Therapieverliebte Architektur

Baustile im Stadtbild, Folge 14: der spielerische dynamische Dekonstruktivismus.

Der dekonstruktive Architekt behandelt die reinen Formen der architektonischen Tradition wie ein Psychiater seine Patienten – er stellt die Symptome einer verdrängten Unreinheit fest. Diese Unreinheit wird durch eine Kombination von sanfter Schmeichelei und gewalttätiger Folter an die Oberfläche geholt: Die Form wird verhört.“ So heißt es im Katalog einer Architekturausstellung im New Yorker Museum of Modern Art, die im Jahre 1988 stattfand.

Mit dieser Schau – „Deconstructivist Architecture“ – wurde der Stilbegriff Dekonstruktivismus eingeführt und bekannt gemacht. Um sich anzuschauen, was damit gemeint ist, brauch man nur beim Shoppen den Tunnelblick von den Winterkollektionen loszureißen und dem Dachstuhl des 4cani in der Ehrenstraße zuzuwenden. Auf einem ganz gewöhnlichen 50er-Jahre-Gebäude in der üblichen Blockrandbebauung scheint eine ganze Baustelle vergessen worden zu sein: Stahlträger, Glasflächen und Mauerstücke ragen wirr durcheinander. Schiefe Ebenen und weit auskragender „Stahlsalat“ lassen das Ganze sehr prekär wirken, wie kurz vor dem Absturz.
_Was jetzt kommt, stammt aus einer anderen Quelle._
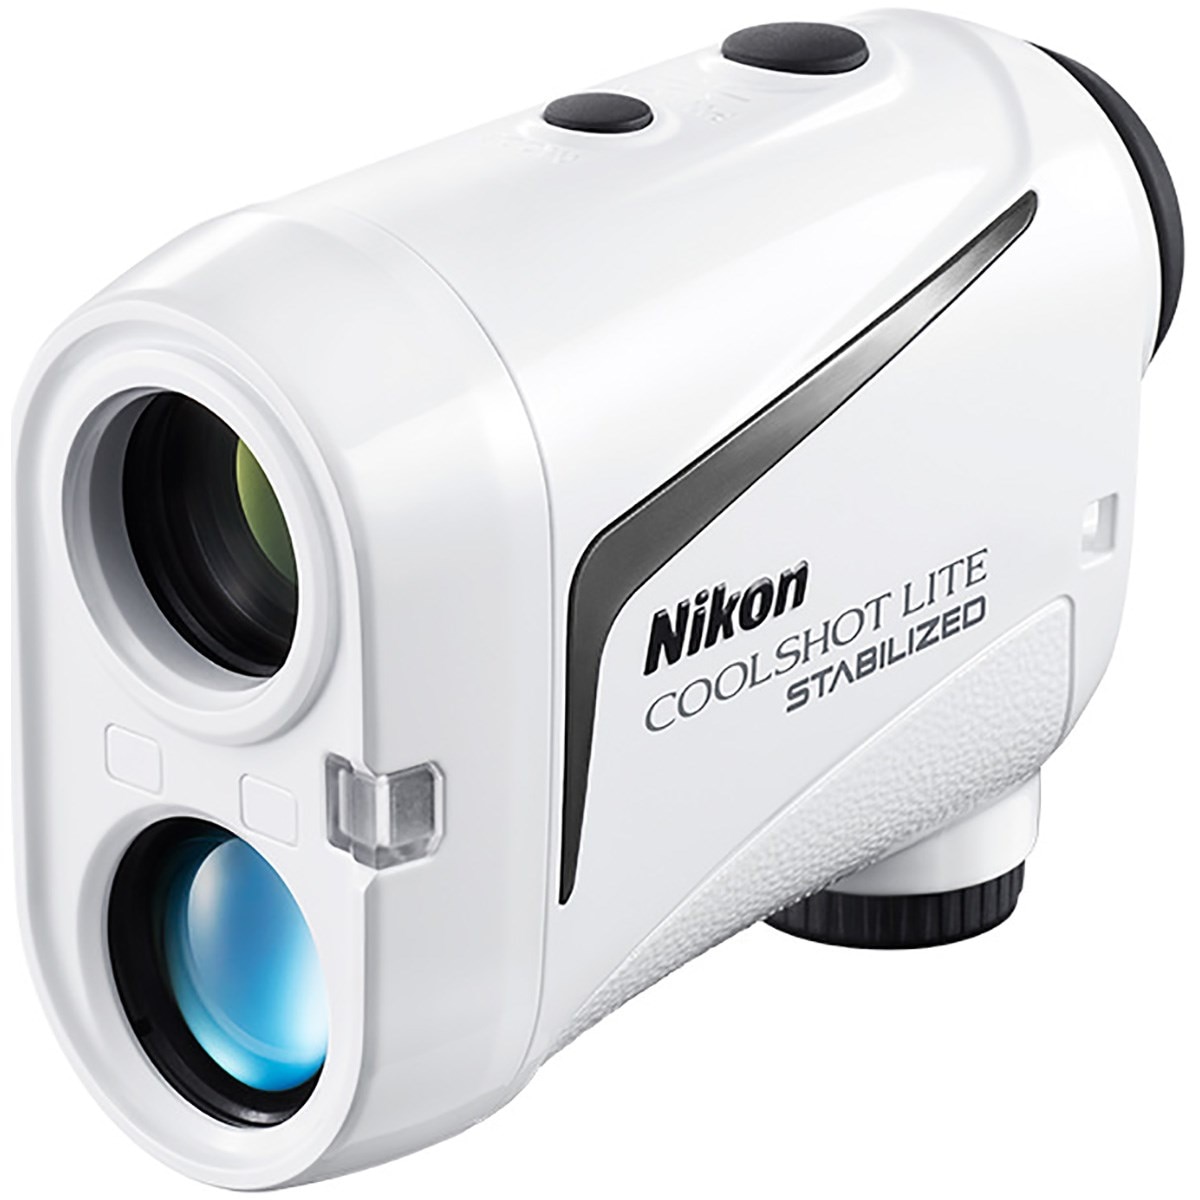 Nikon COOLSHOT LITE STABILIZED WHITE

Ein vorgefertigtes Stahltragwerk bildet das Skelett für sich anklammernde Flächen und Balken. In dem zweigeschossigen, 1100 Quadratmeter großen Dachaufbau ist das Büro des Architekten Harmut Gruhl untergebracht. Innen wirken die Räume mit ihren ungewohnten Zuschnitten unvermutet behaglich, ganz im Gegensatz zur aggressiven Kantigkeit des Außenbaus. Die Therapieverliebtheit der späten 80er- Jahre machte auch vor der Architektur nicht Halt: verkrustete Strukturen galt es aufzubrechen, egal wo man sie vorfand. Es herrschte die Vorstellung von einerunvorbelasteten Architektur, die nur ihren eigenen Gesetzten folgte: Regelmäßigkeit, Reihung und Symmetrie wurden nicht mehr als Vorgaben angesehen, sondern als belastend und einschränkend. Der Betrachter sollte sich von eingefahrenen Sehschemata lösen.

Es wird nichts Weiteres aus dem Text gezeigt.